- Origin: Boston, Massachusetts, U.S.
- Genres: Pop rock; alternative rock; experimental rock; indie rock;
- Years active: 1980–2001
- Labels: BBN Music; Geffen Records; Motown (via Morocco Records); Wannadate Records;
- Past members: Leah Kunkel; Marty Gwinn Townsend; Renée Armand;
- Website: www.coyotesisters.com

= The Coyote Sisters =

American pop-rock band

The Coyote Sisters were an American pop-rock female trio formed in 1980. Its members were Leah Kunkel, the younger sister of Cass Elliot; Marty Gwinn Townsend; and Renée Armand. Originally signed to Geffen Records until 1982, they were signed to Morocco Records, a subsidiary of Motown and released their self-titled debut LP in 1984. Lead single "Straight from the Heart (Into Your Life)" hit No. 66 on the US Billboard Hot 100 charts and was a bigger hit on the Adult Contemporary radio stations. Subsequent singles and the album were less successful.

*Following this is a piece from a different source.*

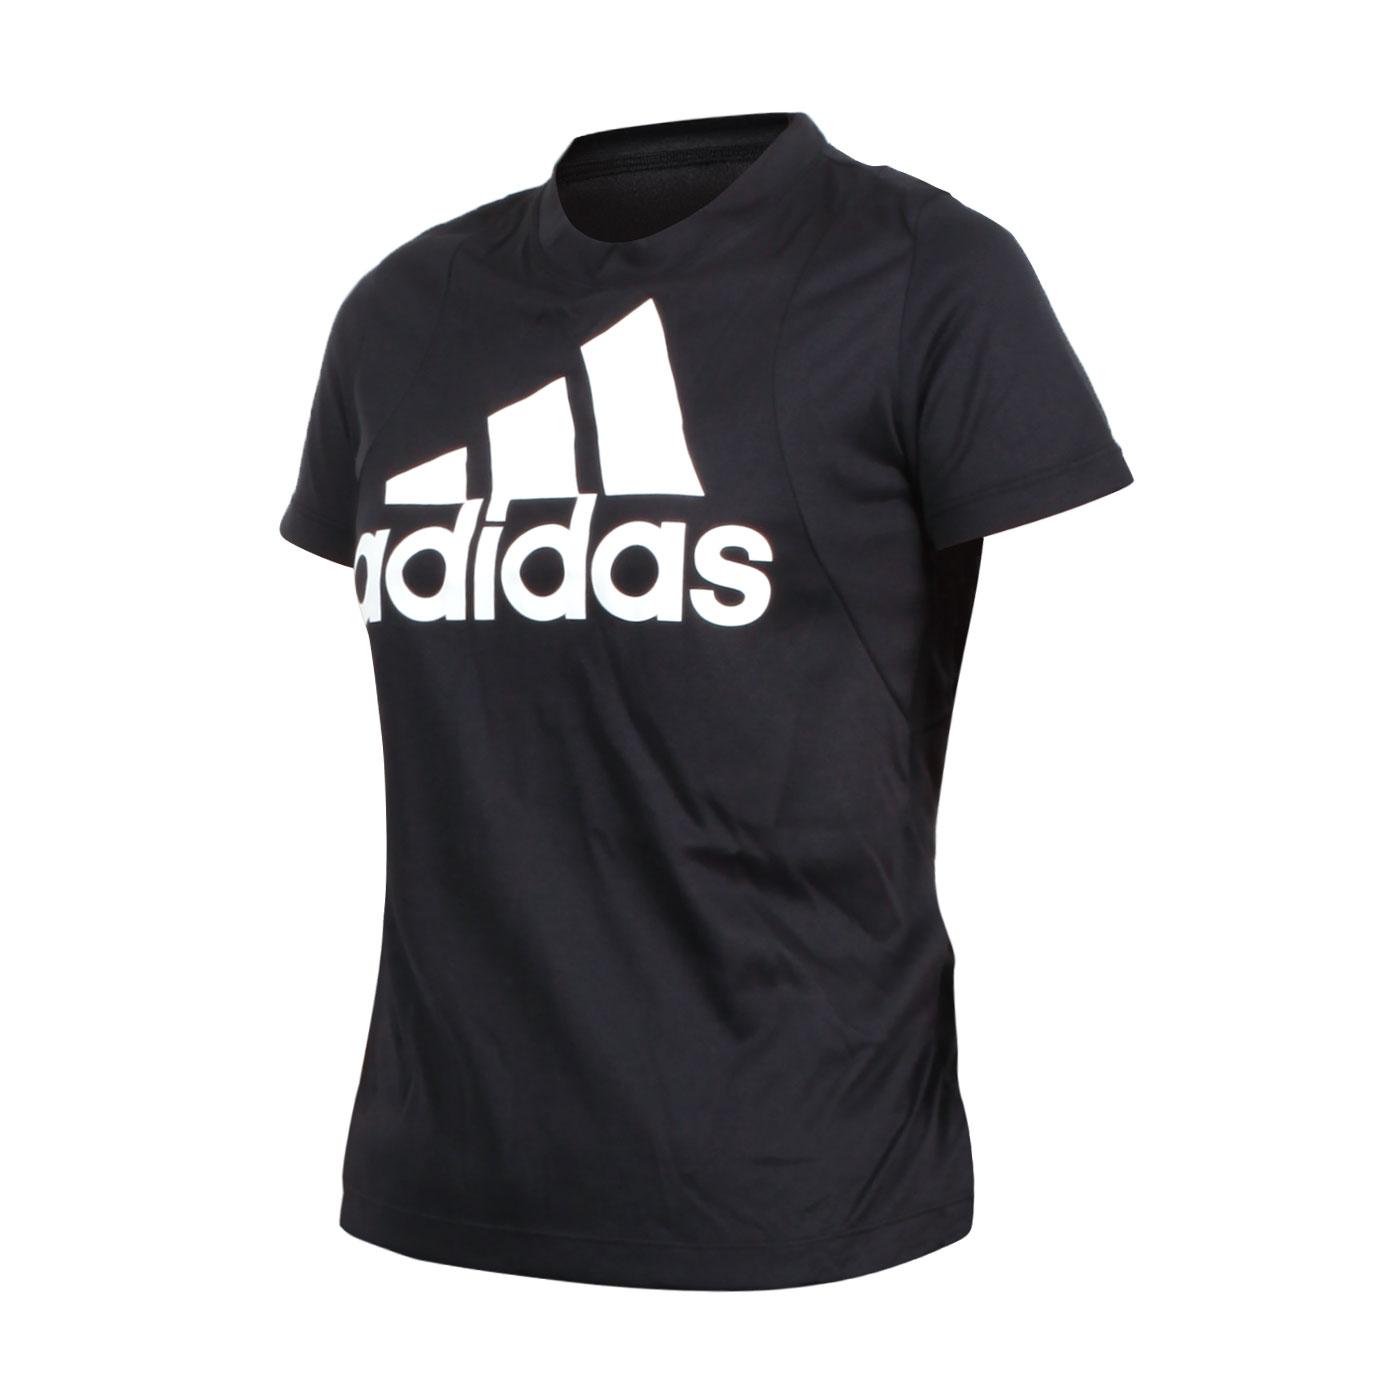 ADIDAS 女款短袖圓領T恤 FT3078 - 黑白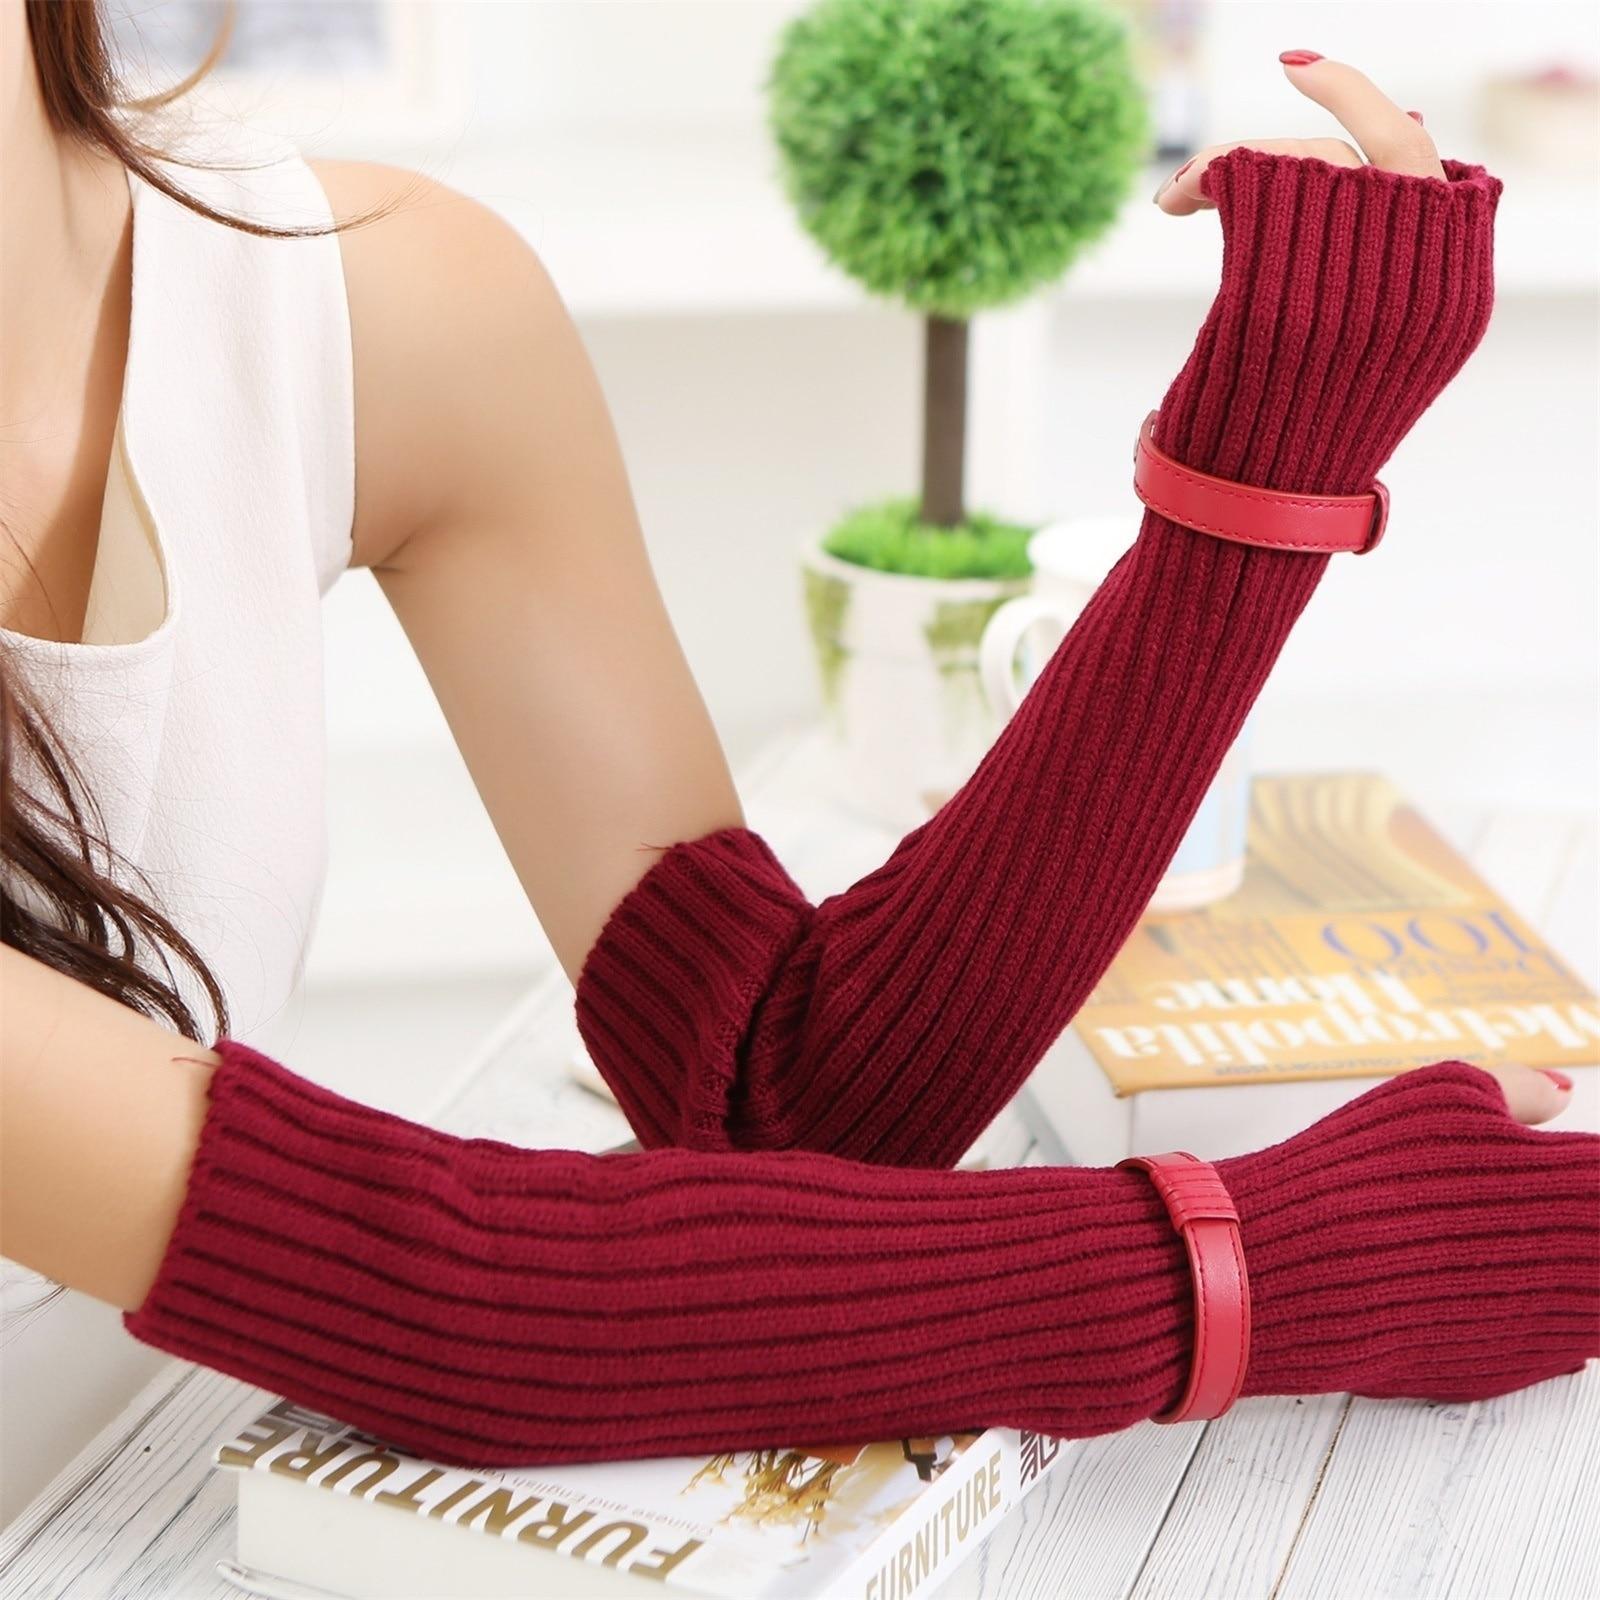 Unisex Men Women Long Gloves Cute Mittens Long Arm Warmer Gloves Fingerless Knitted Gloves

The first self-titled album was produced, recorded and mixed at David J. Holman Studio in Laurel Canyon.

In 2001, the group made an unexpected return to the music industry, this time as a duo without Armand, and released the album Women and Other Visions on Wannadate Records. Although Armand was no longer part of the group, she co-wrote one song on the album.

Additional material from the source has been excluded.